Would you reproduce the whole listing exactly, dropping any pictures it holds?

◆ **PROVIDED DATA**:
* * * *

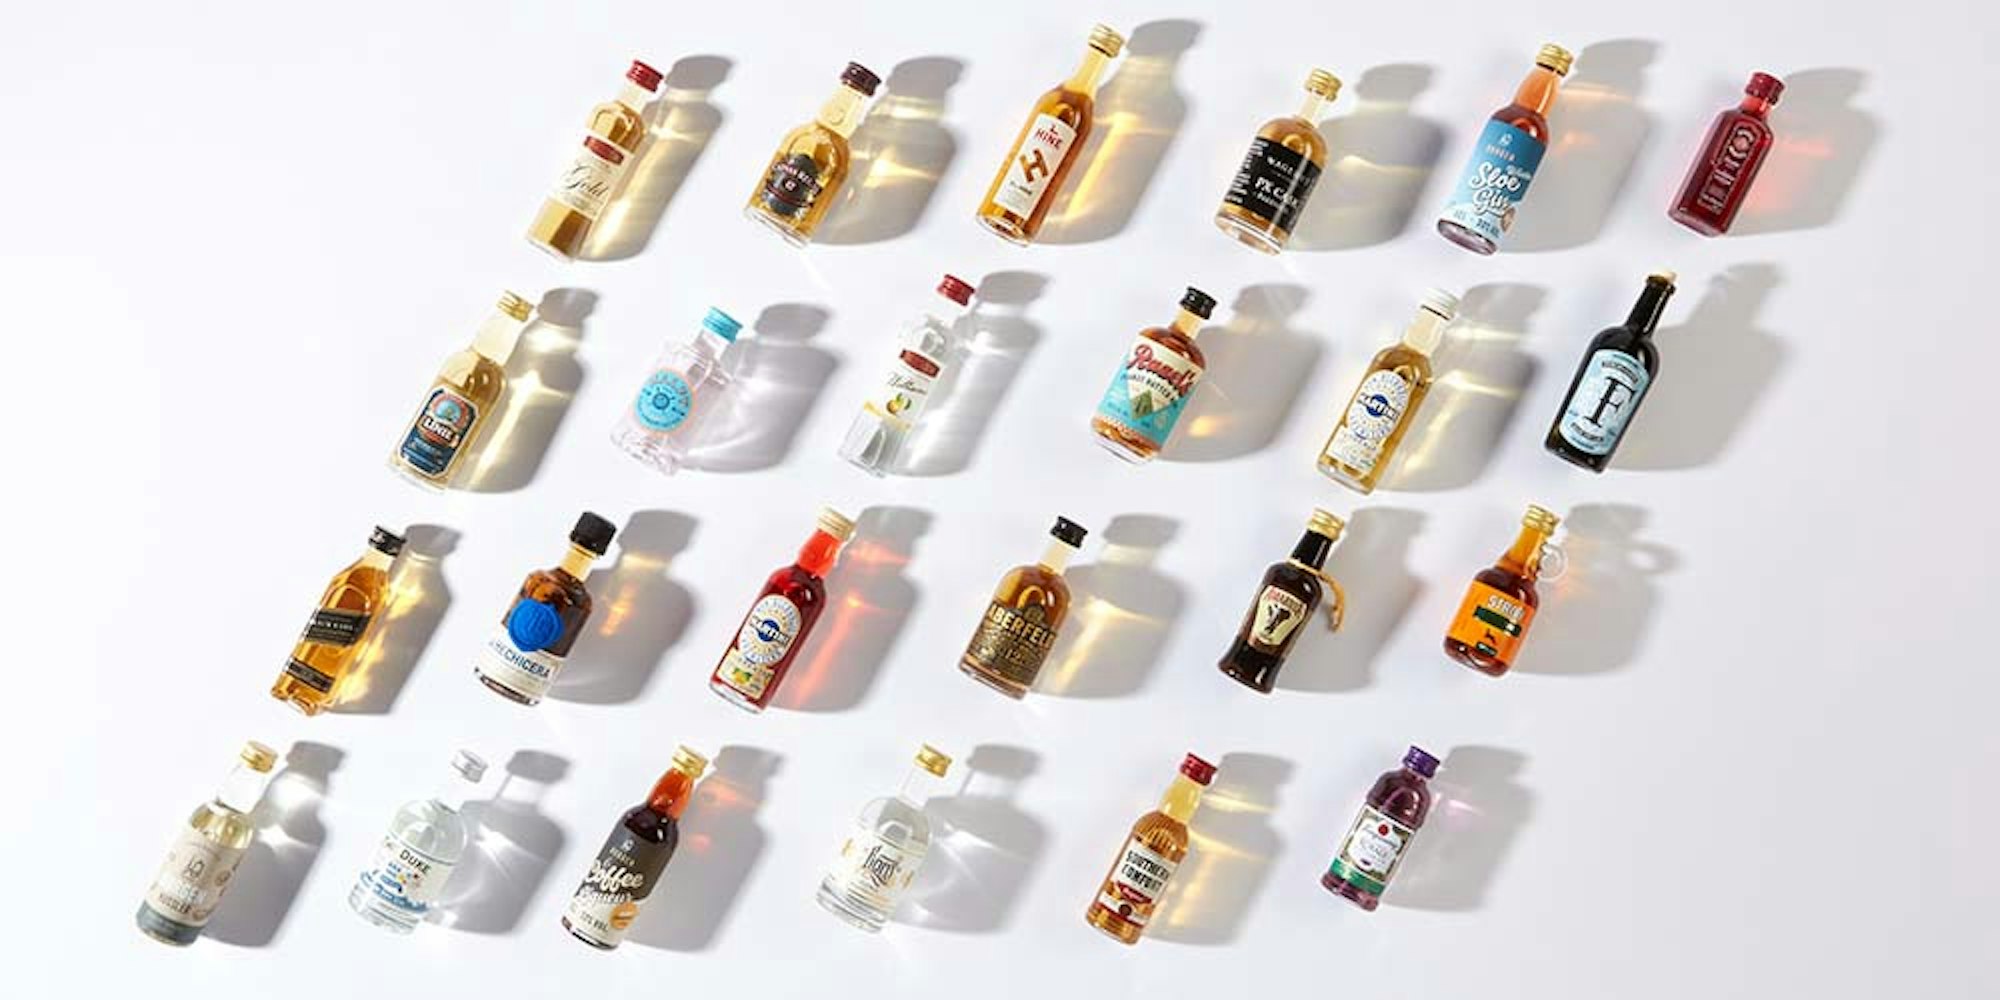 24 Spirituosenflaschen aus dem Adventskalender von Amazon.
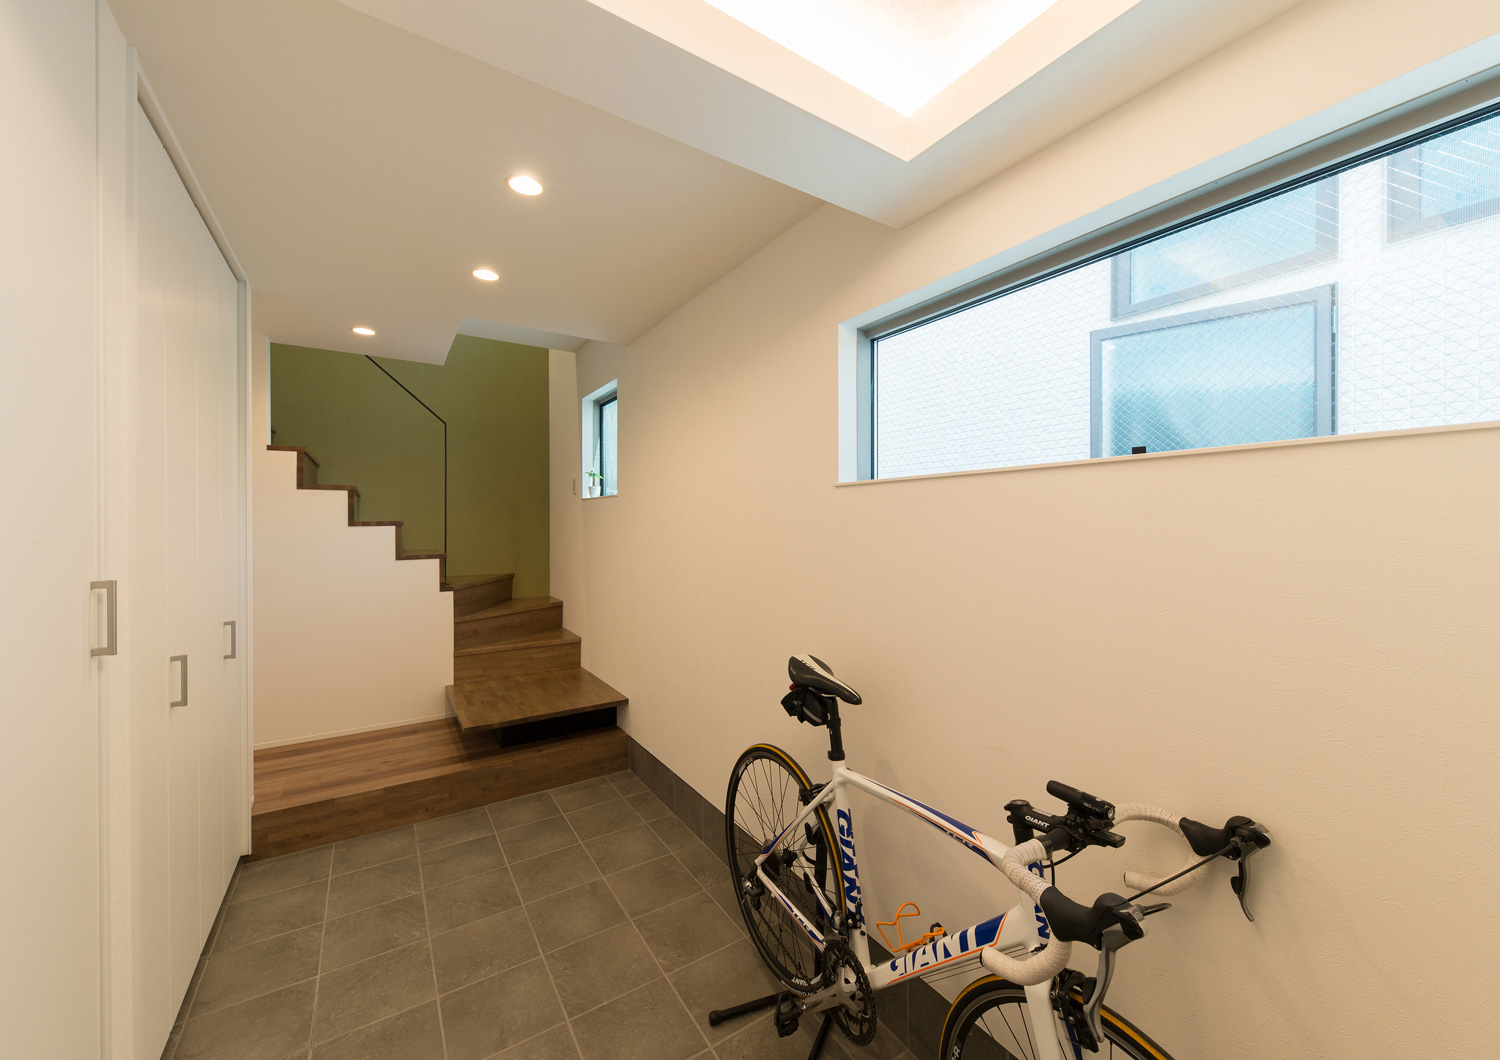 自転車を置くスペースがあるシンプルなタイルの玄関・デザイン住宅
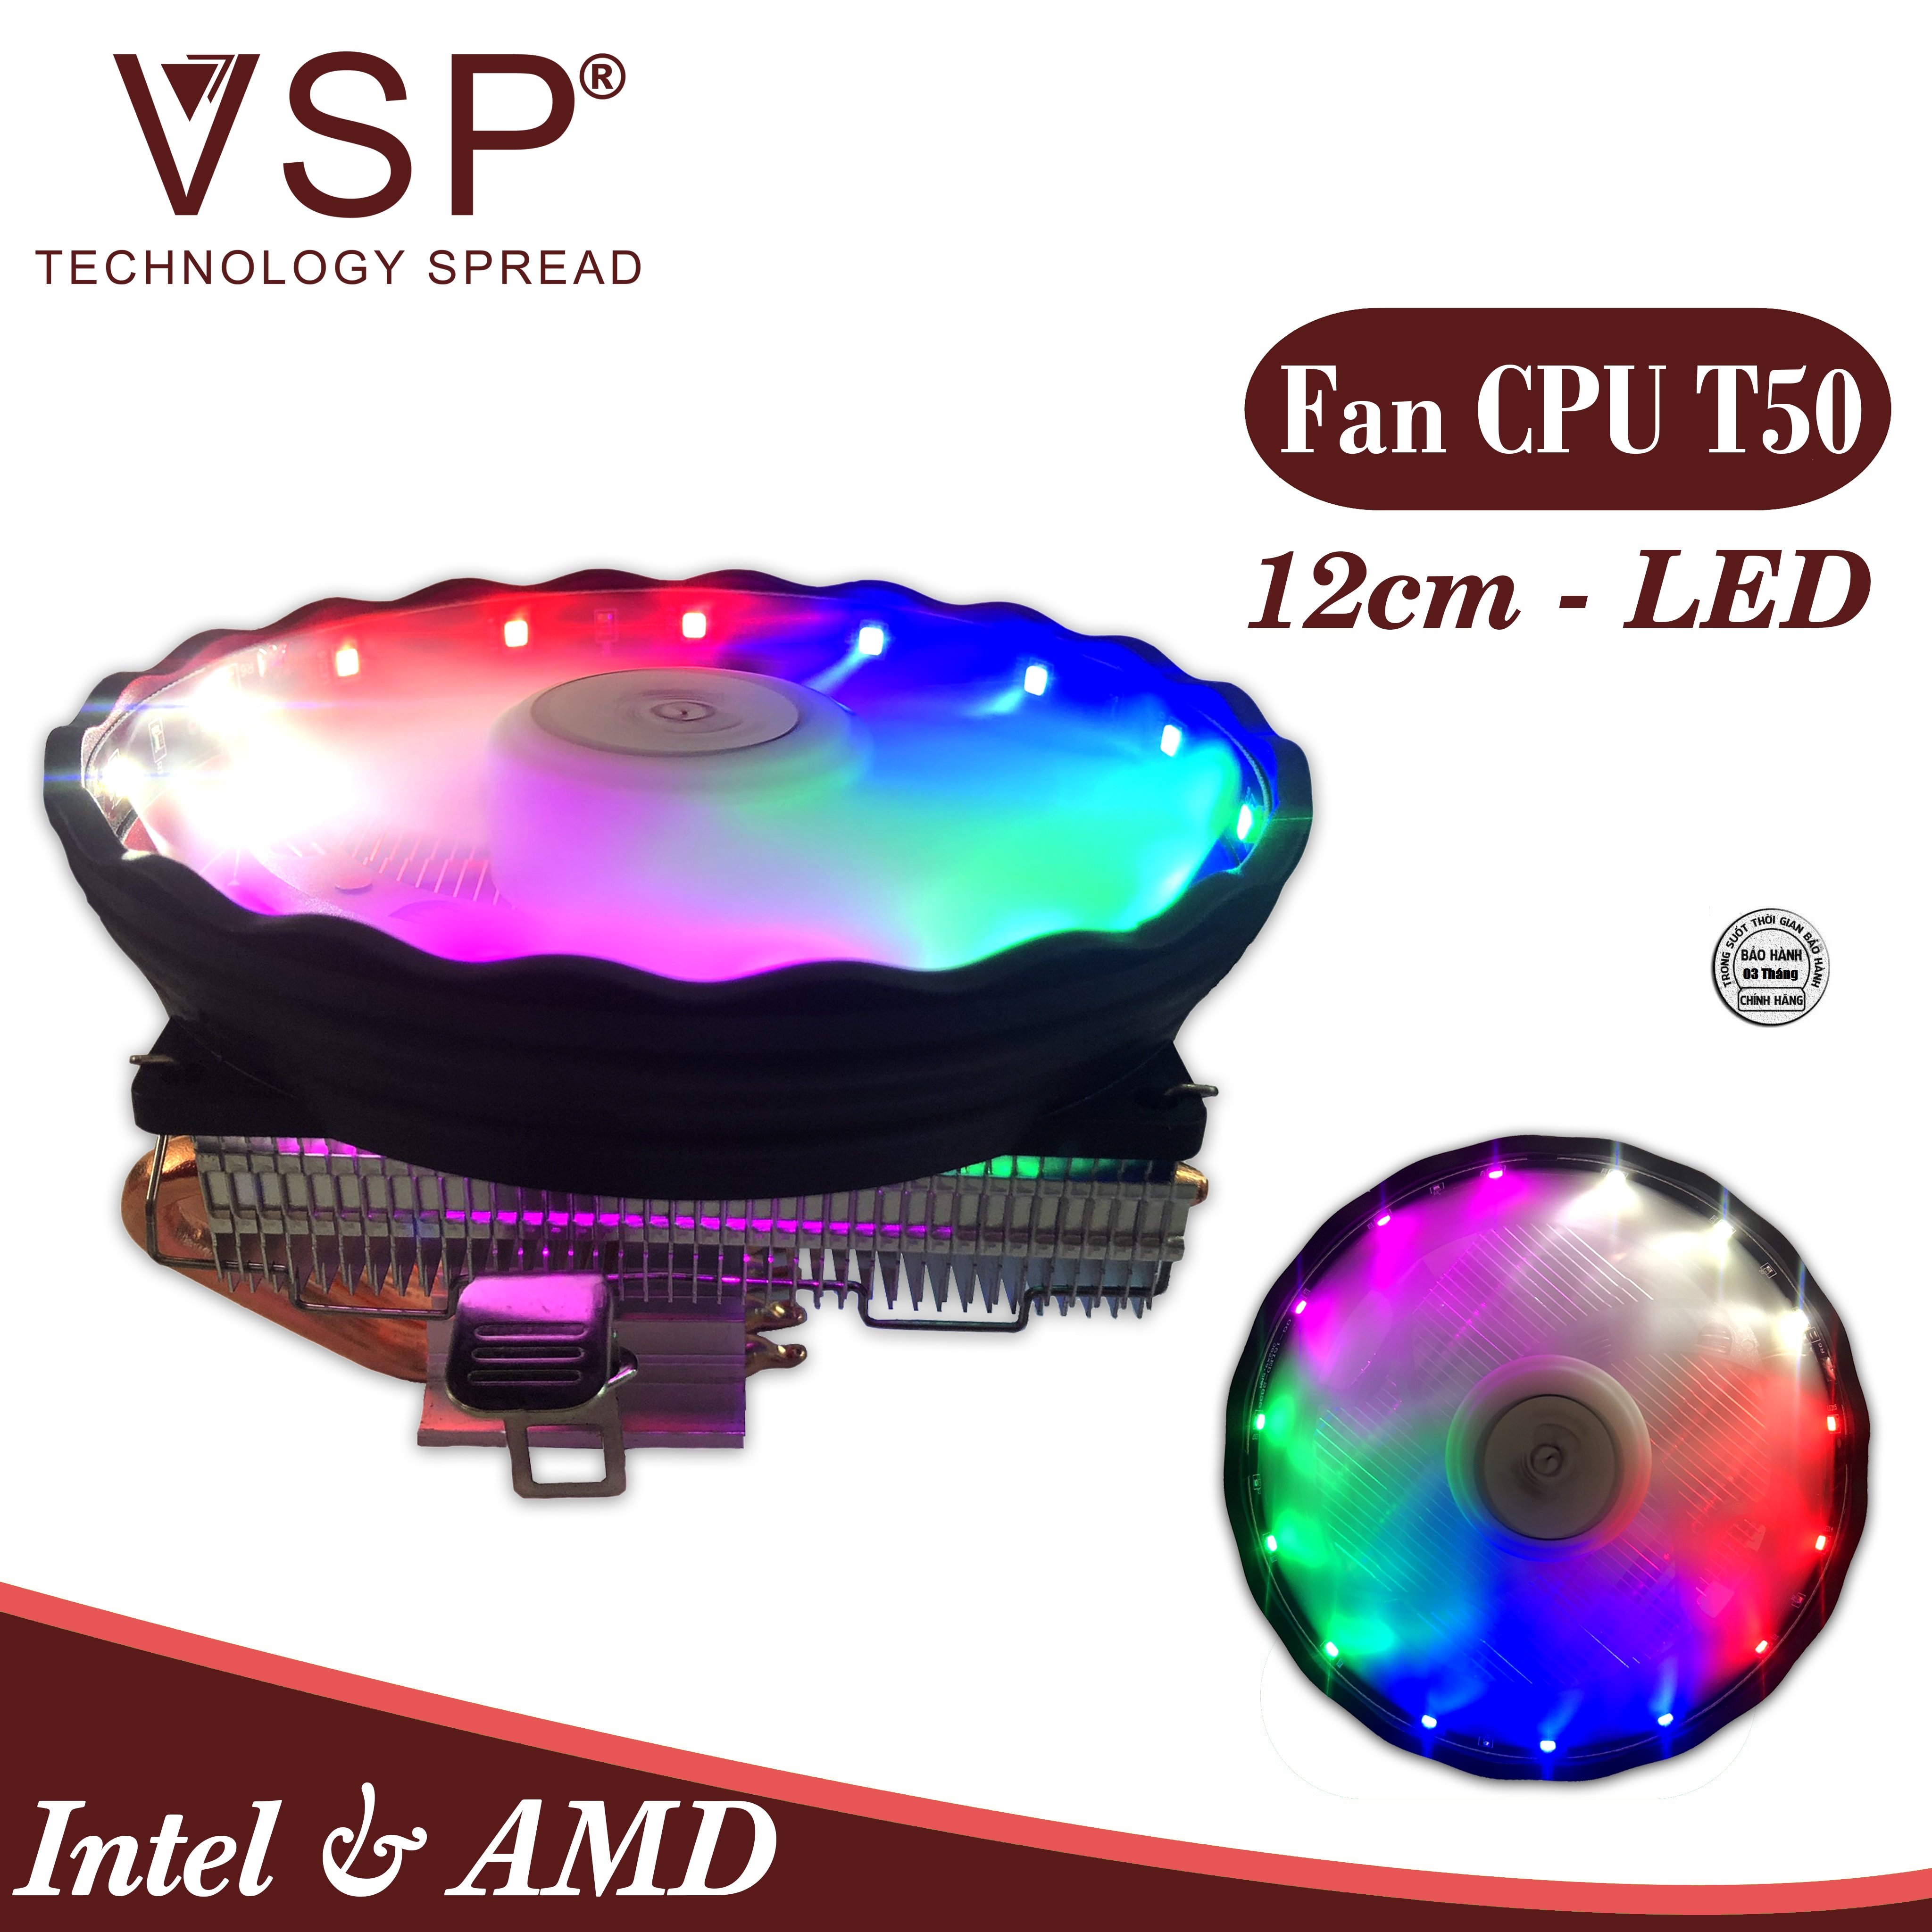 Quạt tản nhiệt VSP Fan Top-Down LED T50 (Tản 4U, kích thước 12cm) - Hàng chính hãng

* * * *

◆ **TASK RESPONSE**:
 24 Spirituosenflaschen aus dem Adventskalender von Amazon.
 自転車を置くスペースがあるシンプルなタイルの玄関・デザイン住宅
 Quạt tản nhiệt VSP Fan Top-Down LED T50 (Tản 4U, kích thước 12cm) - Hàng chính hãng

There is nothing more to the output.